“Let’s just be friends…”. Undoubtedly the most unwelcome words for a guy to ever hear. Nice guys, and I’d like to think I am one, are cursed to hear those ugly words many times in life. I’ve certainly been kissed off more than my share by them. It ultimately feels like rejection, only covered in confectioner’s sugar to sweeten the taste.
Today, I think I would welcome those words.
Why did you have to take my note, after I caught the wedding ring and tried to pull it back? It would have been so much easier if you let me down easy that day. I was ready for it. Going into any situation you must be prepared for any outcome. I was poised for rejection, it’s my usual pose. I wasn’t prepared for you to want to get to know me “as friends”. I wasn’t prepared for you to pry your way through the very small wall of scar tissue that I call my heart and make me want you more.
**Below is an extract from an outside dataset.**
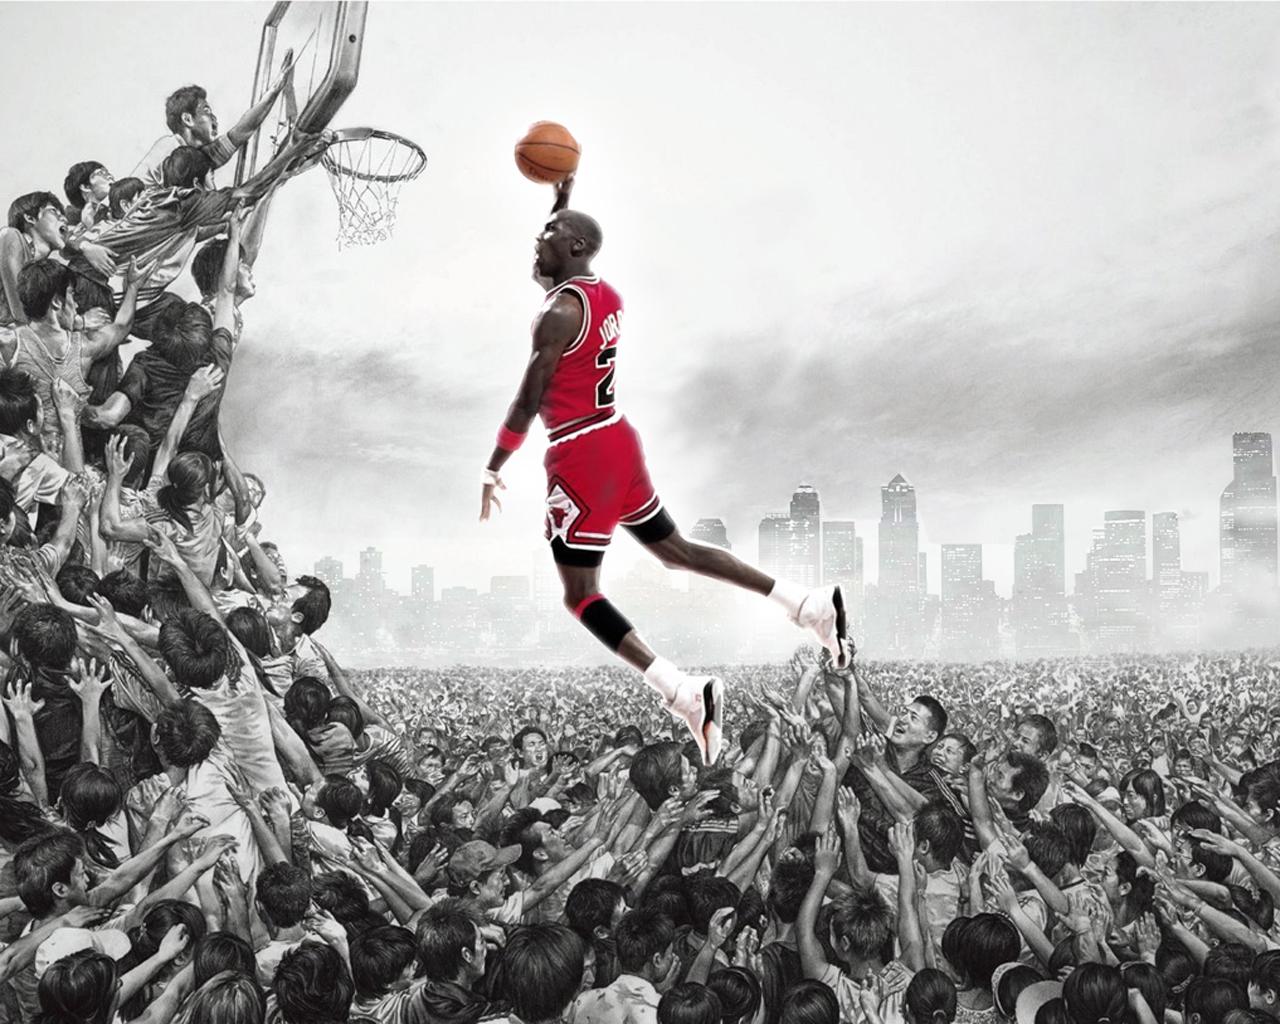 Michael Jordan hd Wallpaper 2011 All About Sports Stars 1280x1024
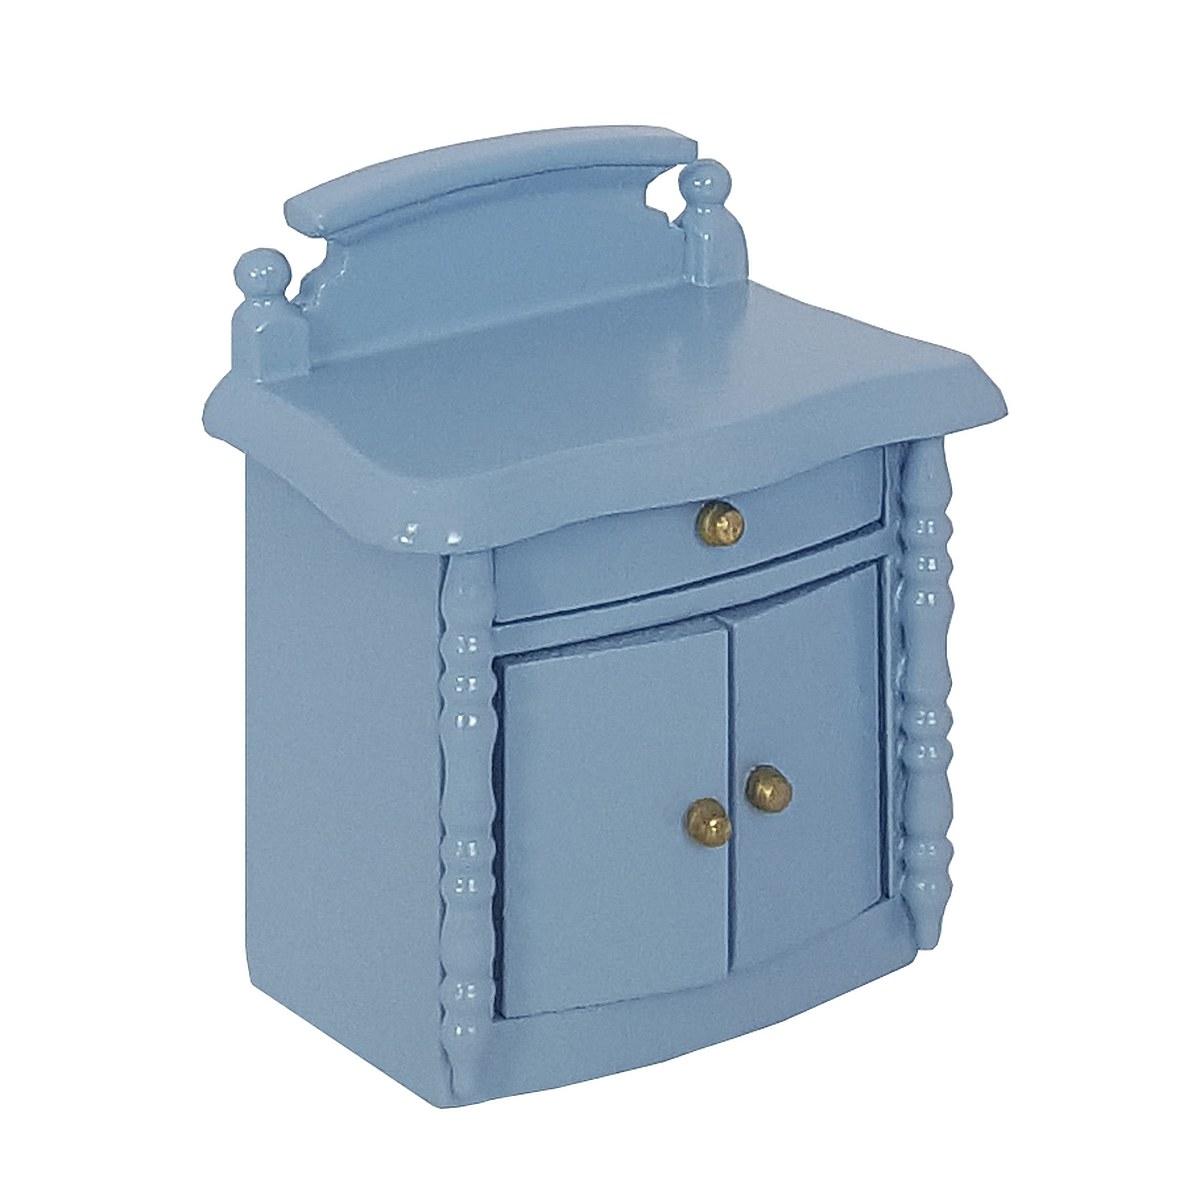 Bedside cabinet, blue 完成品・ベッドサイドテーブル、ブルー

I wasn’t prepared to invest myself emotionally in you, to want to make up for the poor manner in which your husband treats you. You deserve better and it is my nature to want to give better to you. I want to take you away.
But I can’t.
I’m not financially secure. I’m in poor health. I have no place of my own. I am in no way an upgrade for you. You need security in the comforts of life that I cannot provide. If only good intentions were currency.
This will not end well, I just know it. I can let myself enjoy the waltz of the initial flirtation, getting to know you on a deeper level, to lie in bed thinking of those hungry, stolen kisses. But to what end? It’s just not fair to you. You deserve better.
5% of me is shouting down the other 95% of me to do the right thing. The blare of reason is the only thing loud enough to drown the raucous roar of my beating heart.
I want you.
I need you.
But you are not mine to take.
Until something changes on your end…please tell me you want to be “just friends”. I will hate it. I will fight it. But I know that I will learn to live with it. After all, It’s the only way this can end well.